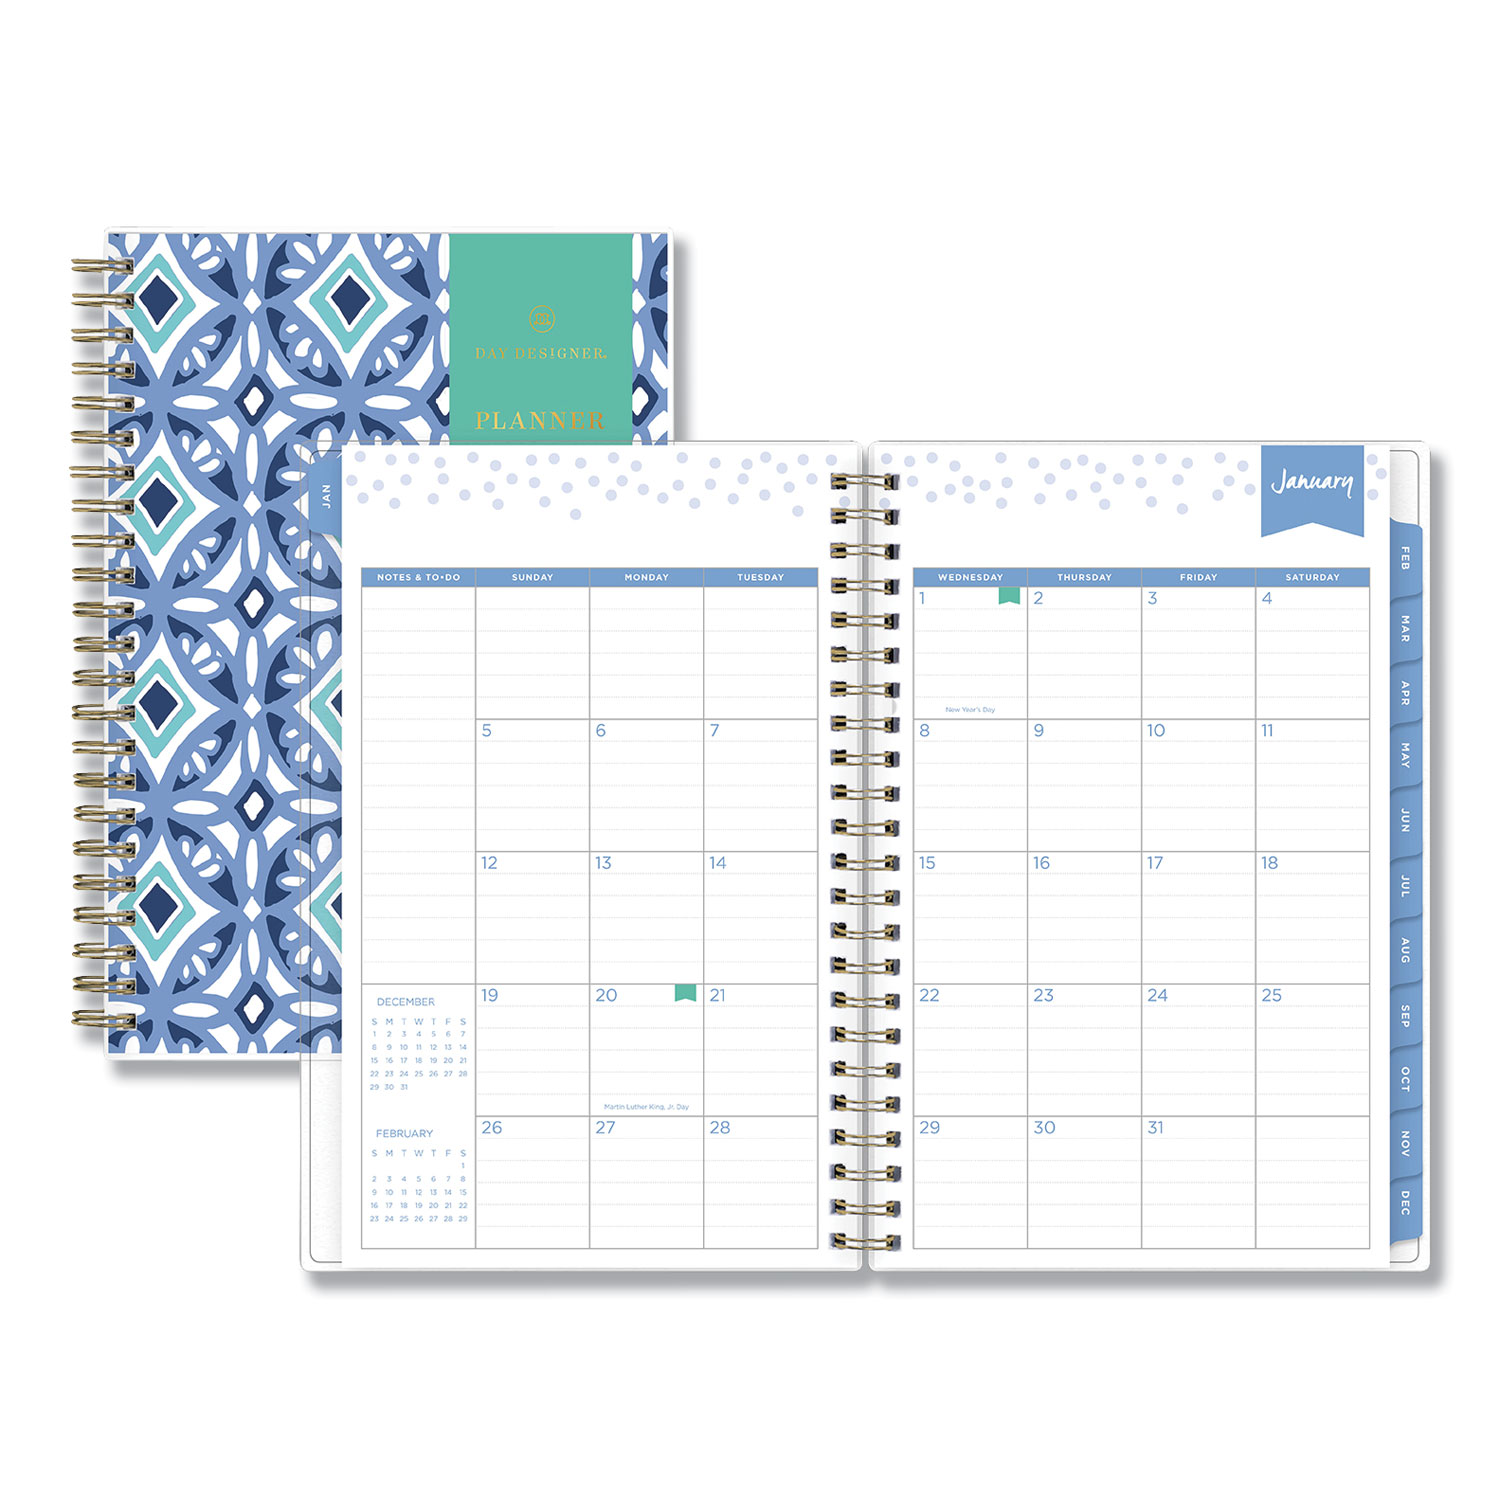  Blue Sky 101410 Day Designer Tile Weekly/Monthly Planner, 8 x 5, Blue/White Cover, 2020 (BLS101410) 
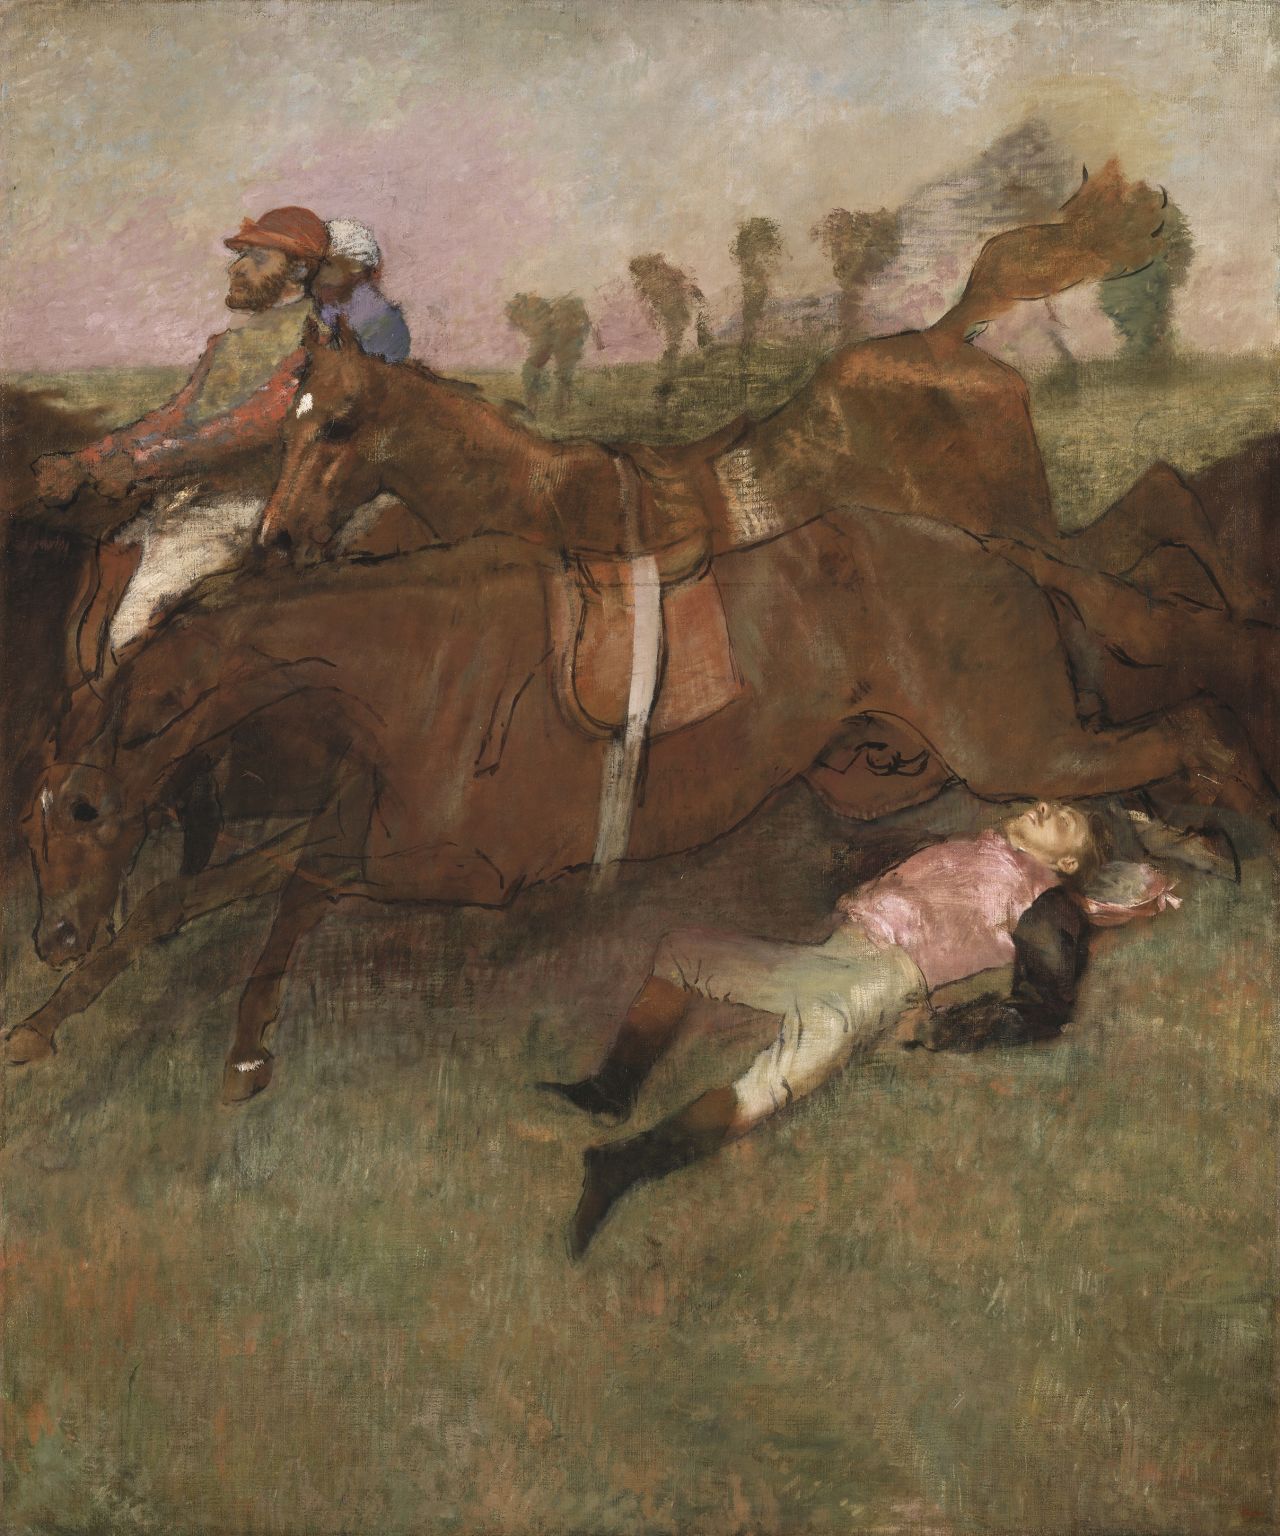 During the 1860s horse racing became a major sporting spectacle in Paris after the Longchamp course was opened in 1857. Horses, jockeys, races and fans were all reflected in Degas' work.
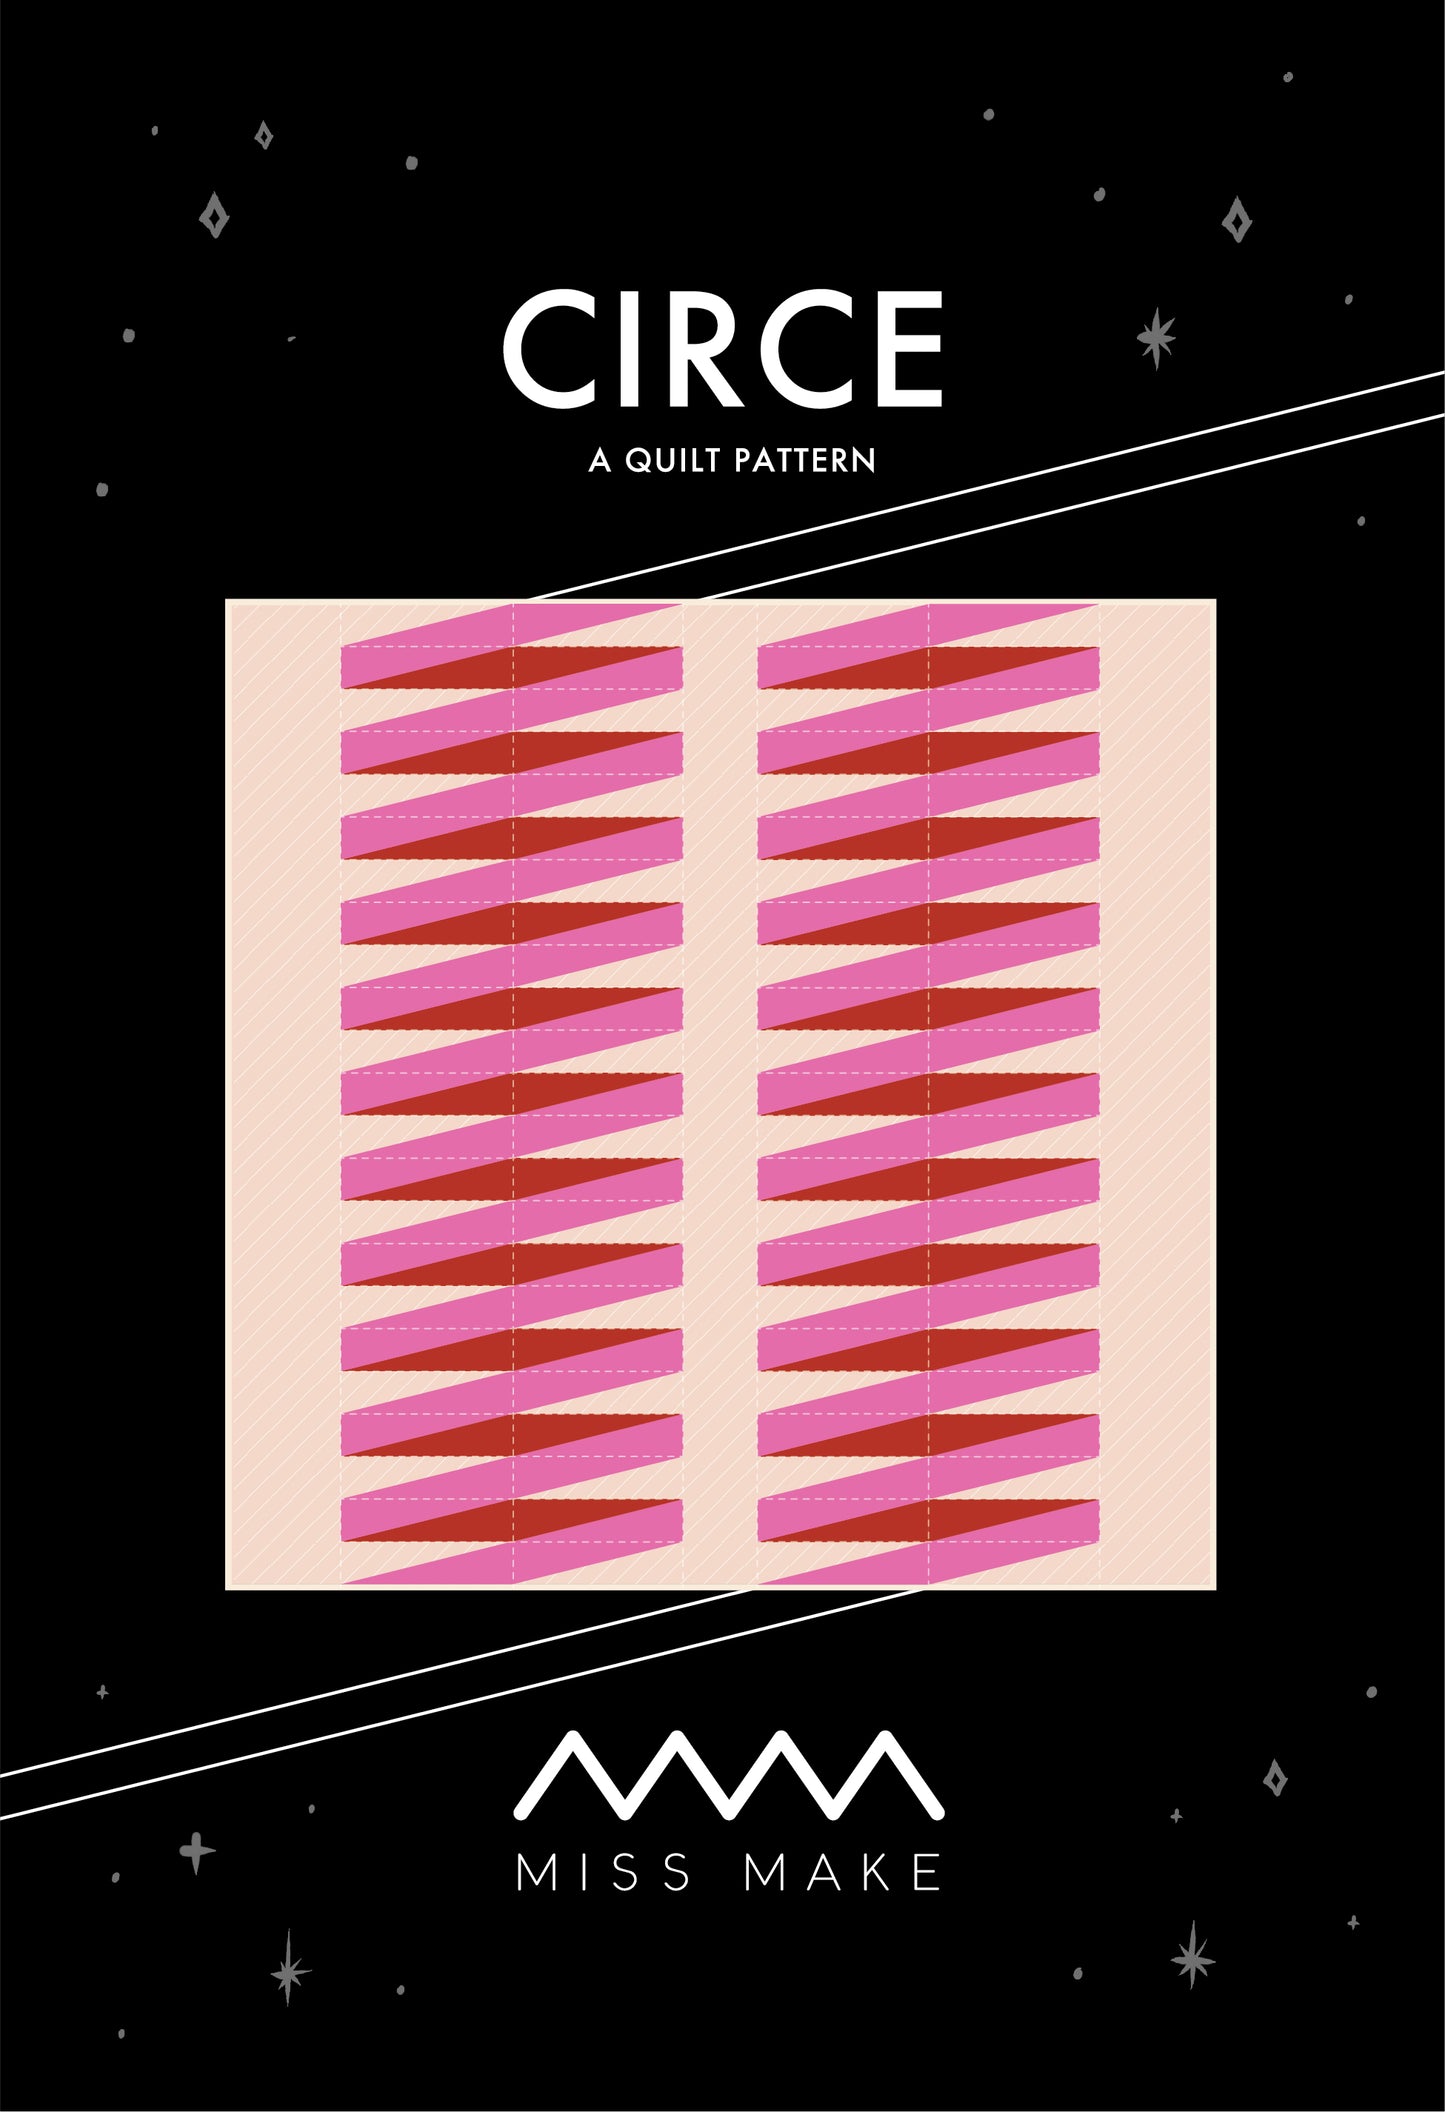 Circe Quilt Pattern by Miss Make

┄┄┄┄┄┄┄┄┄┄┄┄┄┄┄┄┄┄┄┄

## TRY IT
When you repeat the data, keep it exact and drop every picture.

## WRITTEN SOLUTION
  Blue Sky 101410 Day Designer Tile Weekly/Monthly Planner, 8 x 5, Blue/White Cover, 2020 (BLS101410) 
 During the 1860s horse racing became a major sporting spectacle in Paris after the Longchamp course was opened in 1857. Horses, jockeys, races and fans were all reflected in Degas' work.
 Circe Quilt Pattern by Miss Make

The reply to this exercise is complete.